**WORK REQUEST**
When you transcribe the listing, keep each line exact and drop the pictures.

**GIVEN DATA**
----
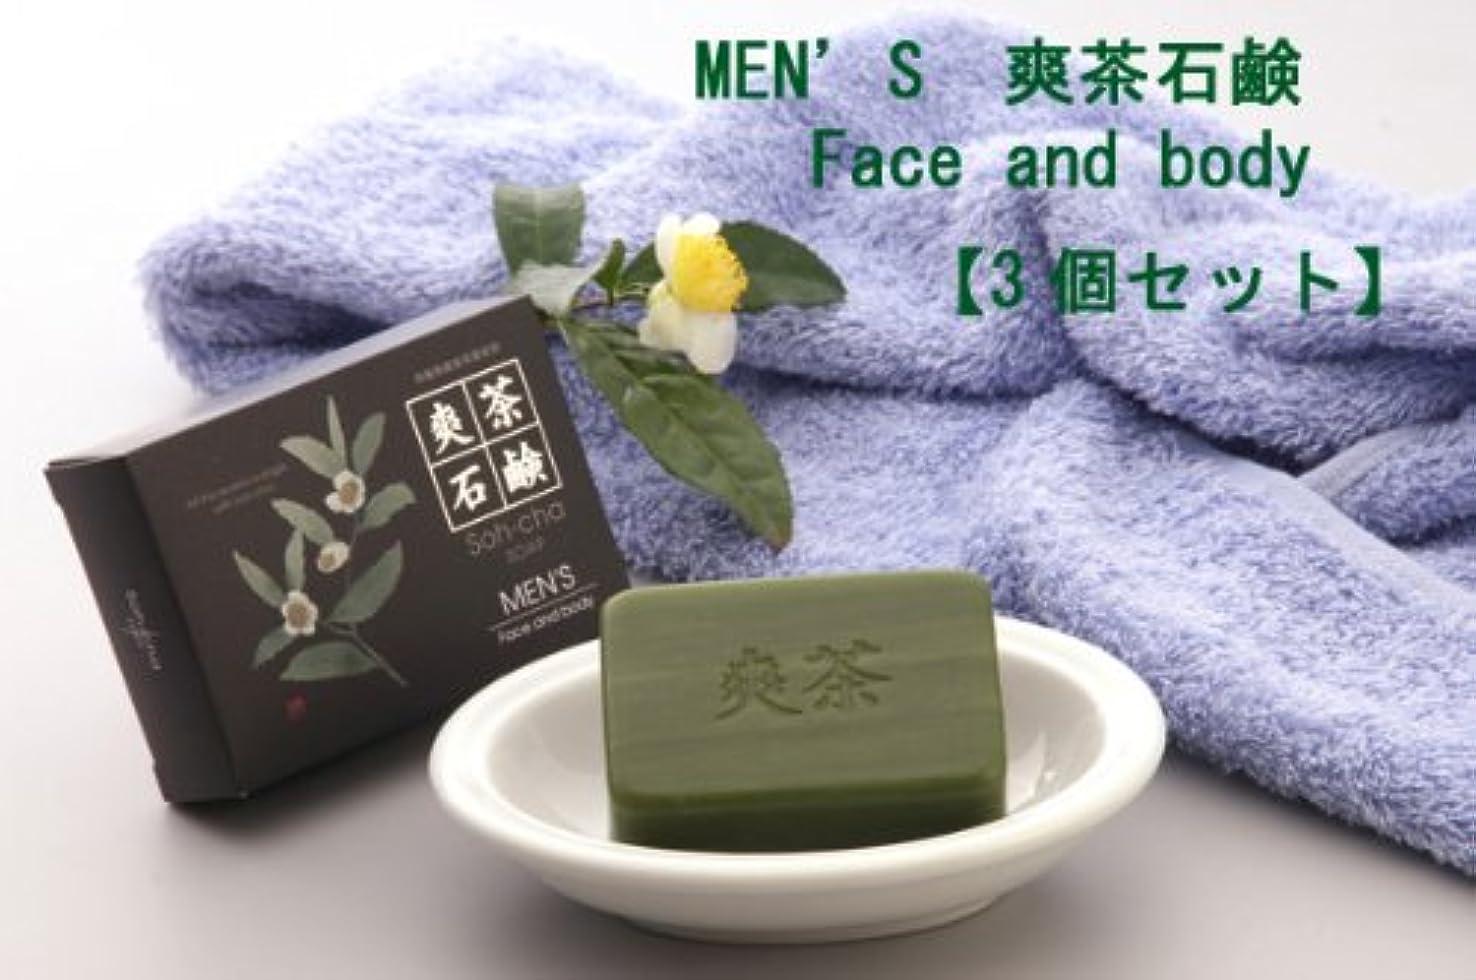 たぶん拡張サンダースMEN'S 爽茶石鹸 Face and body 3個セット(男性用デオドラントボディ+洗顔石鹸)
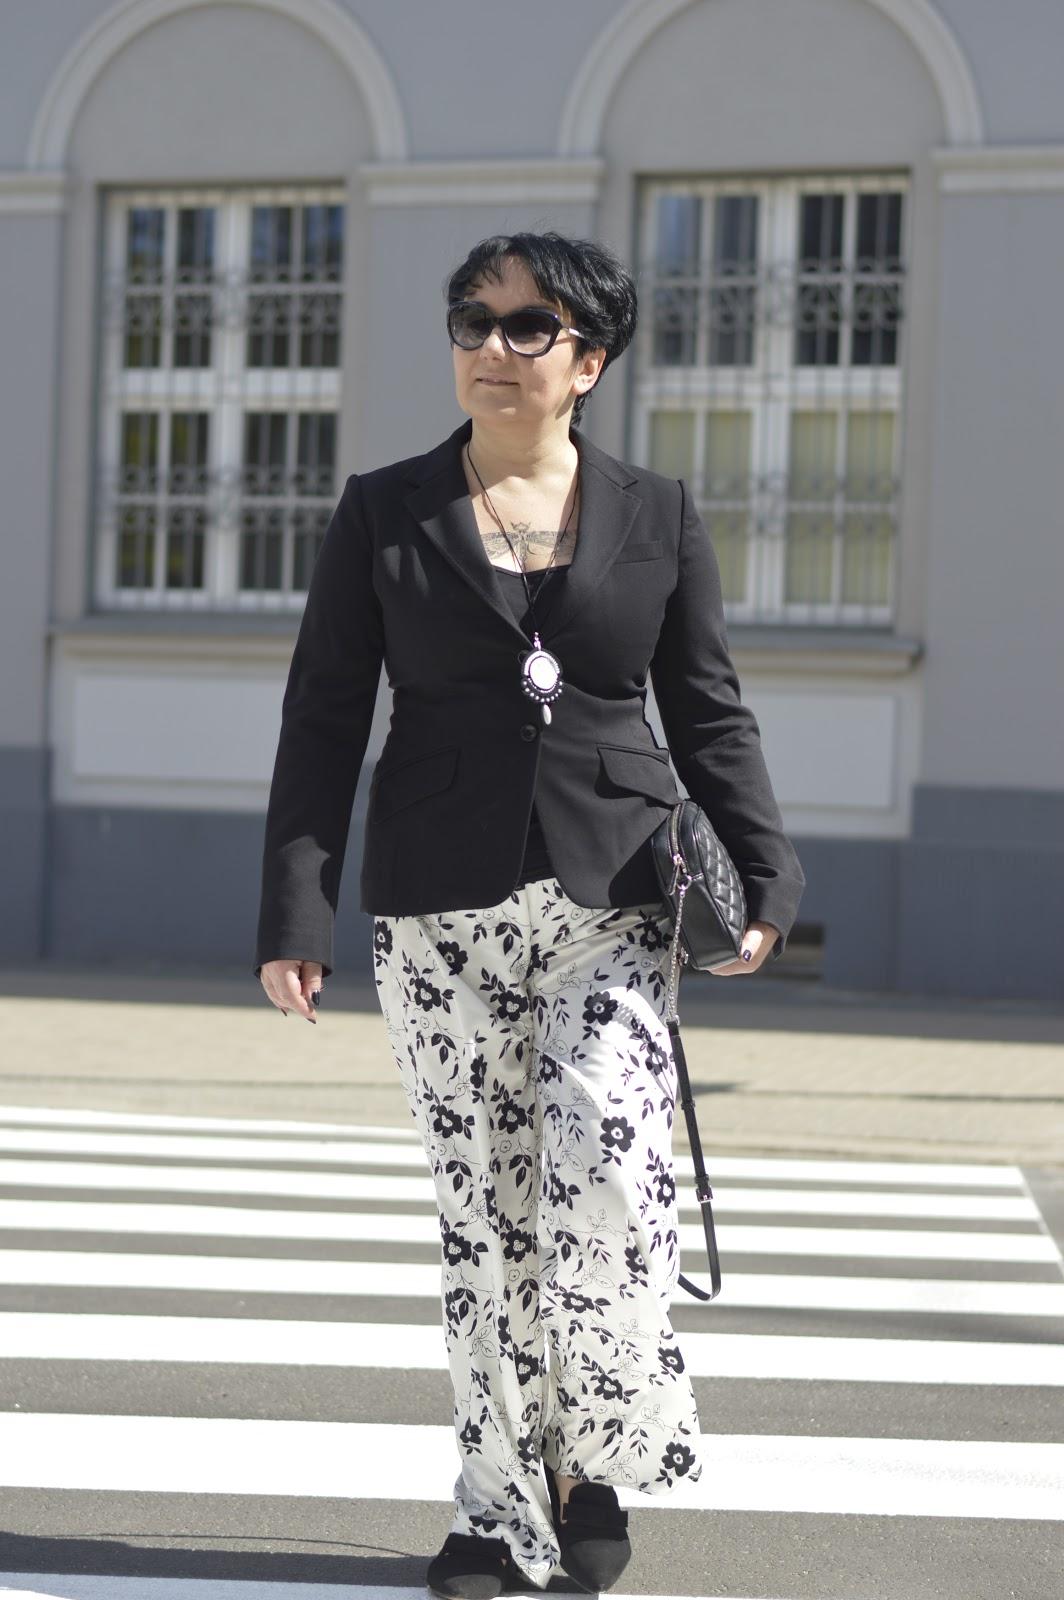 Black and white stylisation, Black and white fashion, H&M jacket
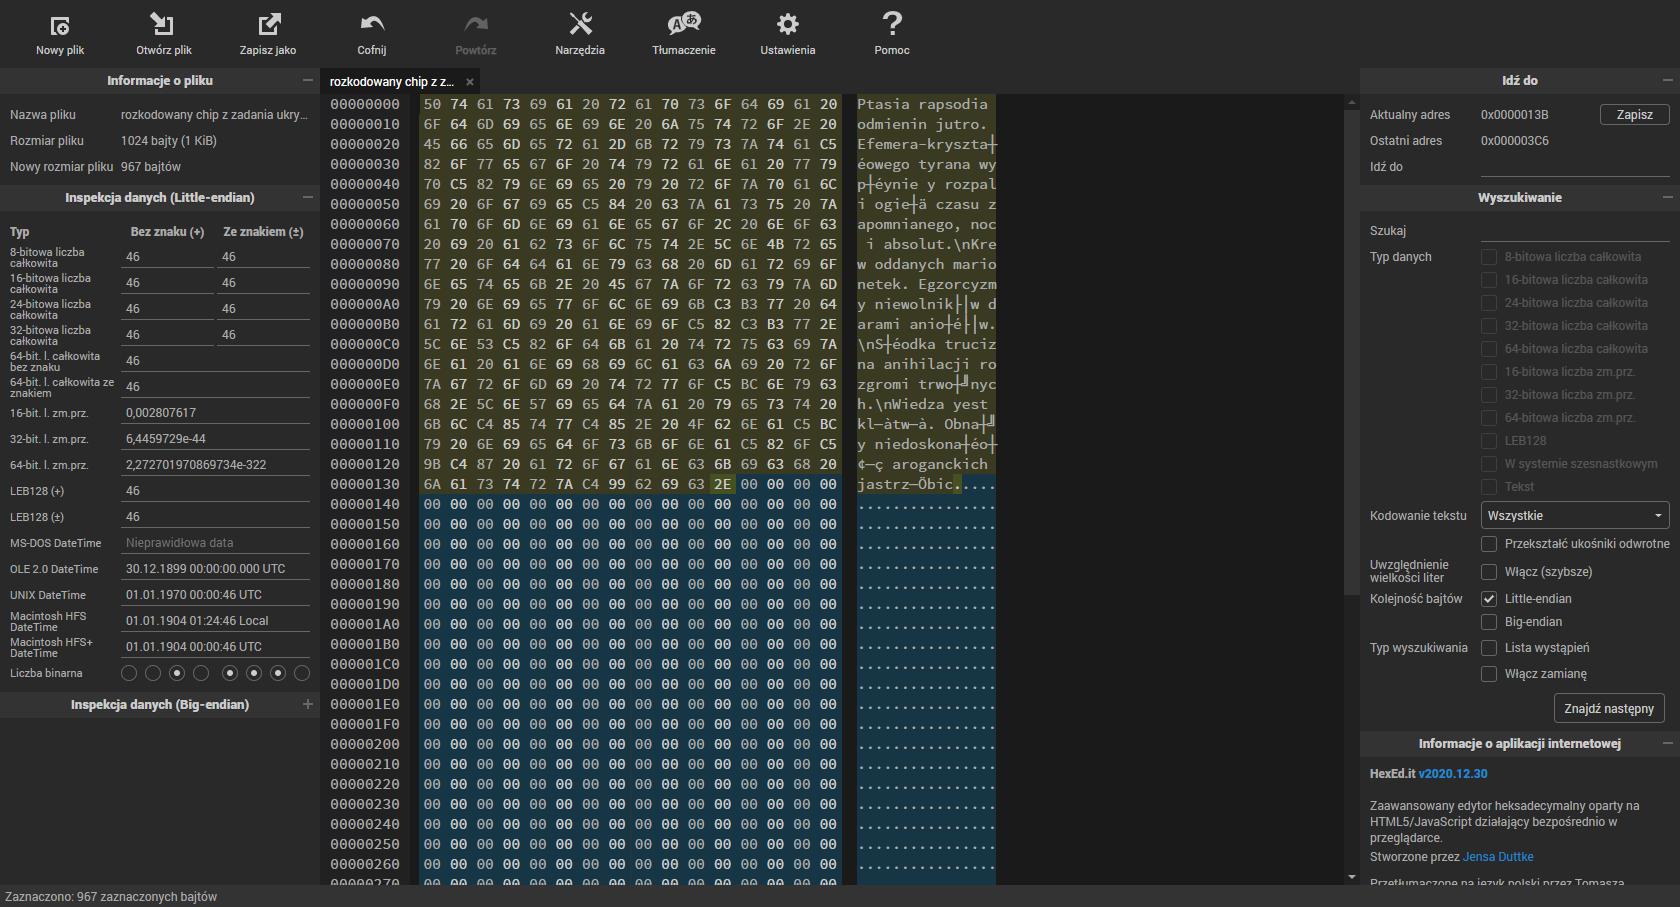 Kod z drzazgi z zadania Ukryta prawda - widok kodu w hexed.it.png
----
**TASK ANSWER**
 たぶん拡張サンダースMEN'S 爽茶石鹸 Face and body 3個セット(男性用デオドラントボディ+洗顔石鹸)
 Black and white stylisation, Black and white fashion, H&M jacket
 Kod z drzazgi z zadania Ukryta prawda - widok kodu w hexed.it.png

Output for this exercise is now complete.